I used hearing aids my entire childhood. Then, I got cochlear implants, which help with adaptive hearing capabilities. I was pretty young when I got my initial pair. Since they were in beta back then, I started with one ear first.
I will never forget the day my implant was turned on.
You immediately go from complete silence to a world of noise and sound. A whole world of interactions existed outside, and I had no idea. I remember that I kept making clicking sounds. It was an amazing experience but also very challenging.
Just like learning a new language, you have to absorb and interpret these new sounds. As transformative as those implants were, I couldn’t at first figure out how to use them. If they broke down on me in a playground, that would be incredibly disruptive to my life.
That experience instilled a fundamental belief in the power of well-designed products. The importance of making them intuitive and easy to understand.
As a company, we do certain things not as well, but this is something that we do really, really well: We pay attention to small details throughout the user journey.
Recently, a customer of ours at RedHat, the open-source vendor, said that their kids had tested out Arcade, and they figured out how to use it. That just made my day!
You would think that the child would be the worst possible user, but, to me, they’re the best possible ones. They aren’t merely fast learners; they also have a high bar for what inherently makes sense and what’s intuitive.
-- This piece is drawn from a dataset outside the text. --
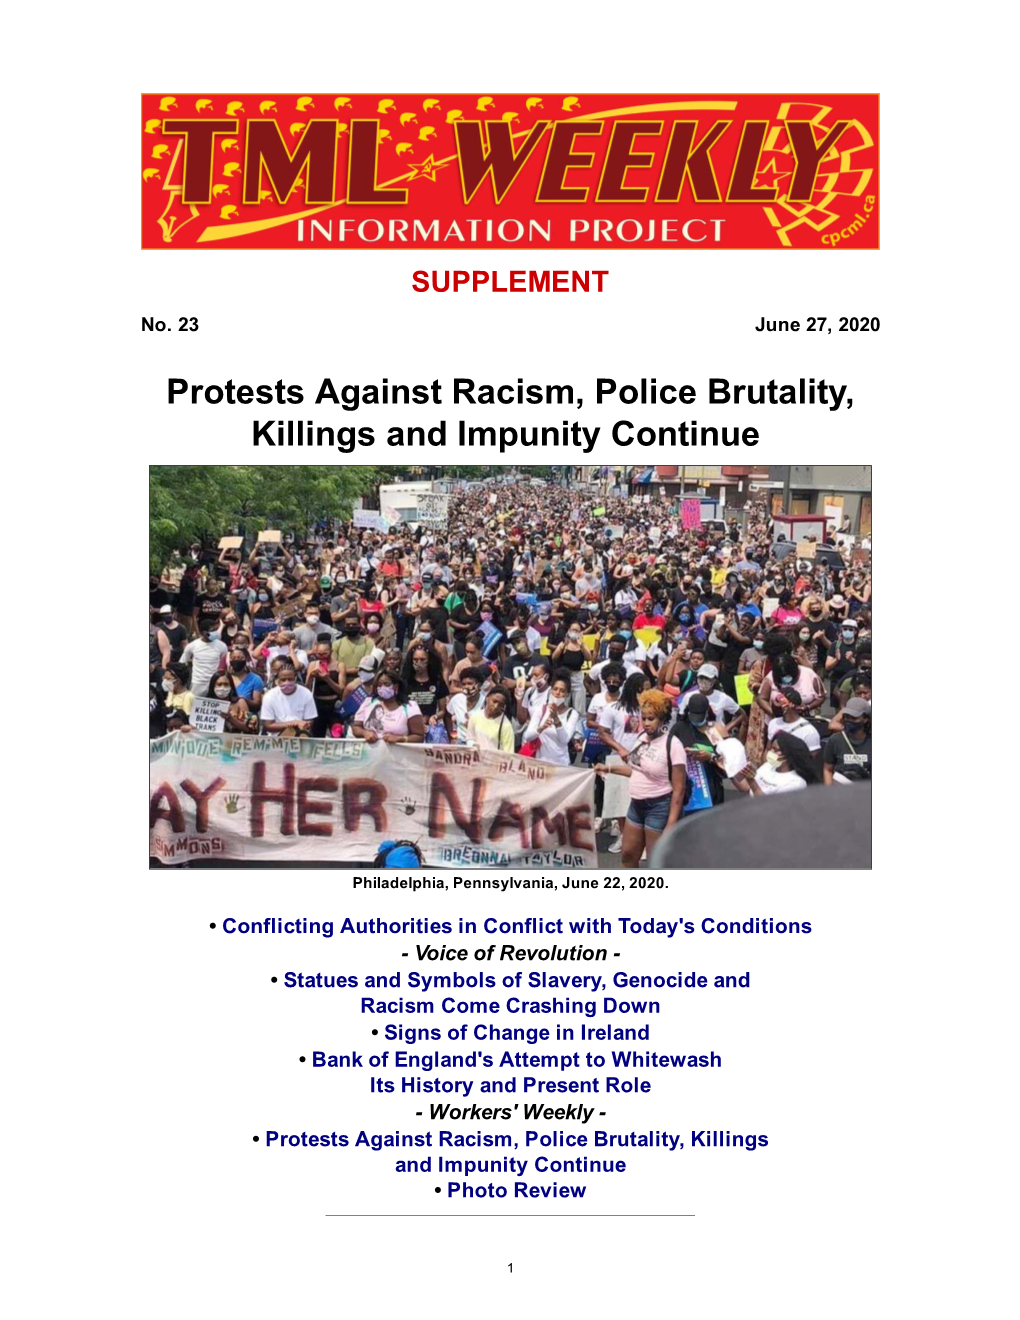 The Marxist-Leninist Weekly

Setting goals for all (long, medium, and short) horizons
I’m a deeply disciplined person. Almost to an extreme.
Which is again something that goes back to my childhood. Growing up deaf meant that every single week I had new homework assignments to learn new words and sounds. If I didn’t do that, I wouldn’t have been able to keep up with my peers.
This has directly informed how we set goals at Arcade.
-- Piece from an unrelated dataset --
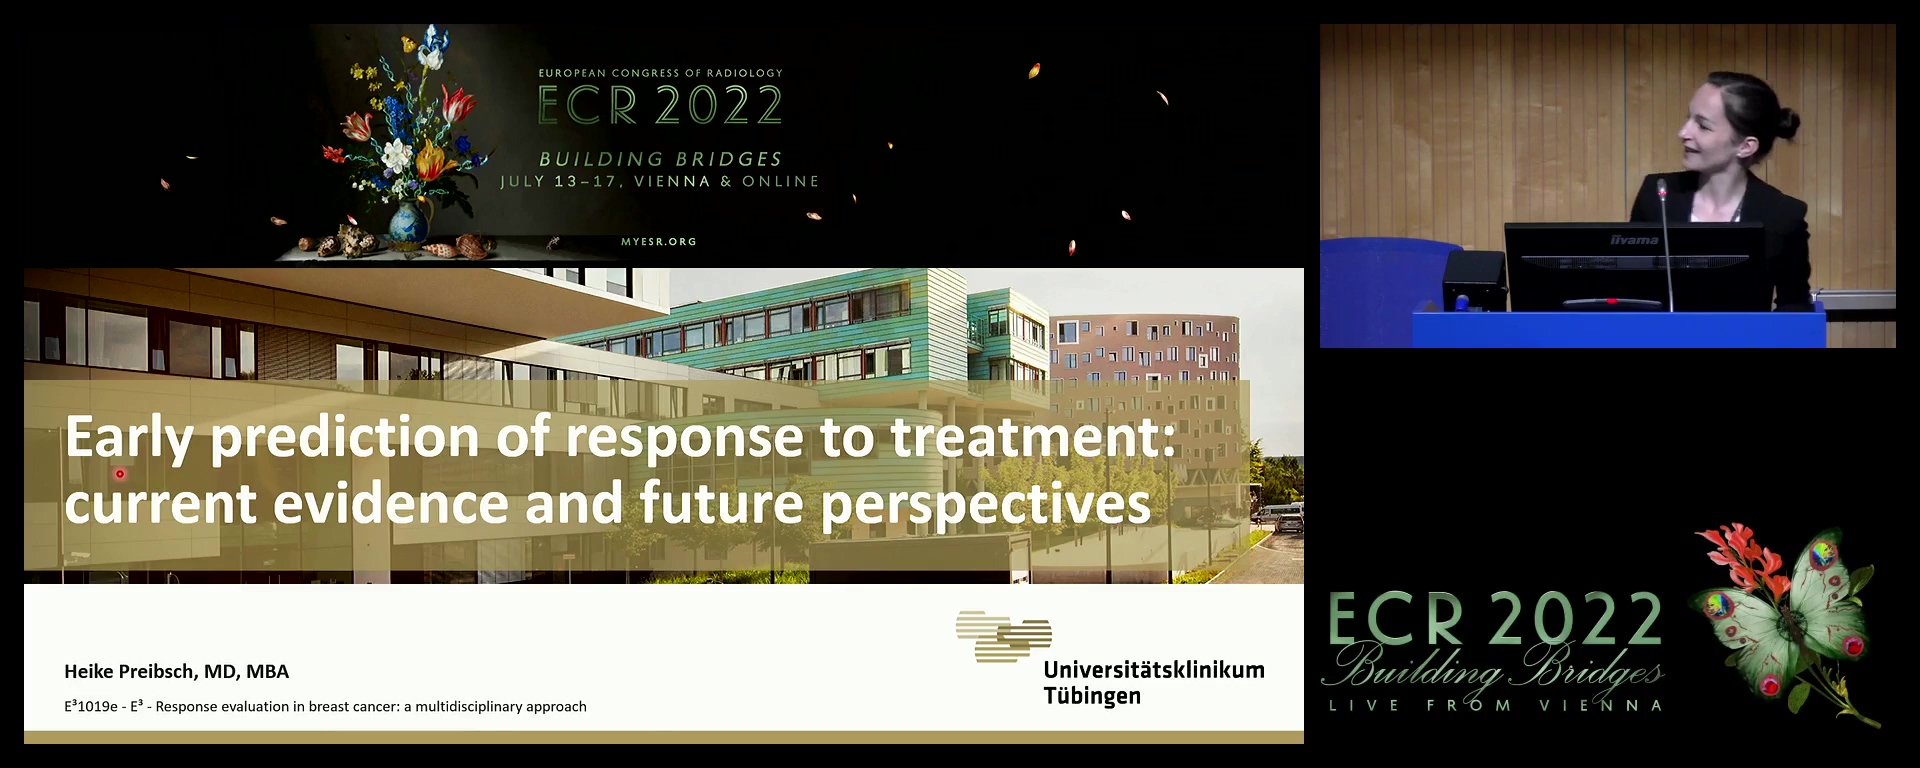 Early prediction of response to treatment: current evidence and future perspectives

To begin with, we have this extremely broad, 10-year vision of where we want to be by then, what that state looks like in terms of impact, the number of users, and, more importantly, how they feel.
Emotions are very much a metric of success for us. We’re focused on making users experience joy, feel inspired, and not wonder about their life choices when they pick our product.
Then, we also have this more mid-term plan of how we want to progress a year out. What does that next milestone look like? Then, every quarter, we draft a very concrete plan of what we want to ship over the next three months.
We arrive at those based on talking to customers, reviewing support questions, and user feedback from other sources. For example, we look at the sales pipeline every week and discuss what’s blocking deals.
All that culminates into a few core features we want to deliver over a quarter. But there’s still a lot of room for creativity.
Zooming in further, we ship in a bi-weekly cycle (using Linear). In every cycle, we assess where we are on the three-month goals. As with any startup, there’s a hard balance between staying focused on committed goals and being open to new inputs.
Recently, we had a prospect call that had the potential to turn into an enormous deal. The one thing they were asking for is something that we’re definitely not doing this quarter. Such scenarios where someone walks up to you and is willing to spend a lot of cash are undoubtedly tricky to think about.
In this case, we decided to see how far we could go to build this thing, as this one deal could have a really impactful impact on the business. It’s a great example of us going against the plan—which can and should happen sometimes.
Further, there’s a weekly plan of action and then daily stand-ups. In a beautiful world, they all line up. Of course, that doesn’t happen every time. But having these timely checkpoints to calibrate our approach based on inputs/lessons is good.
“Juicing it”
I know I just spoke about discipline and process.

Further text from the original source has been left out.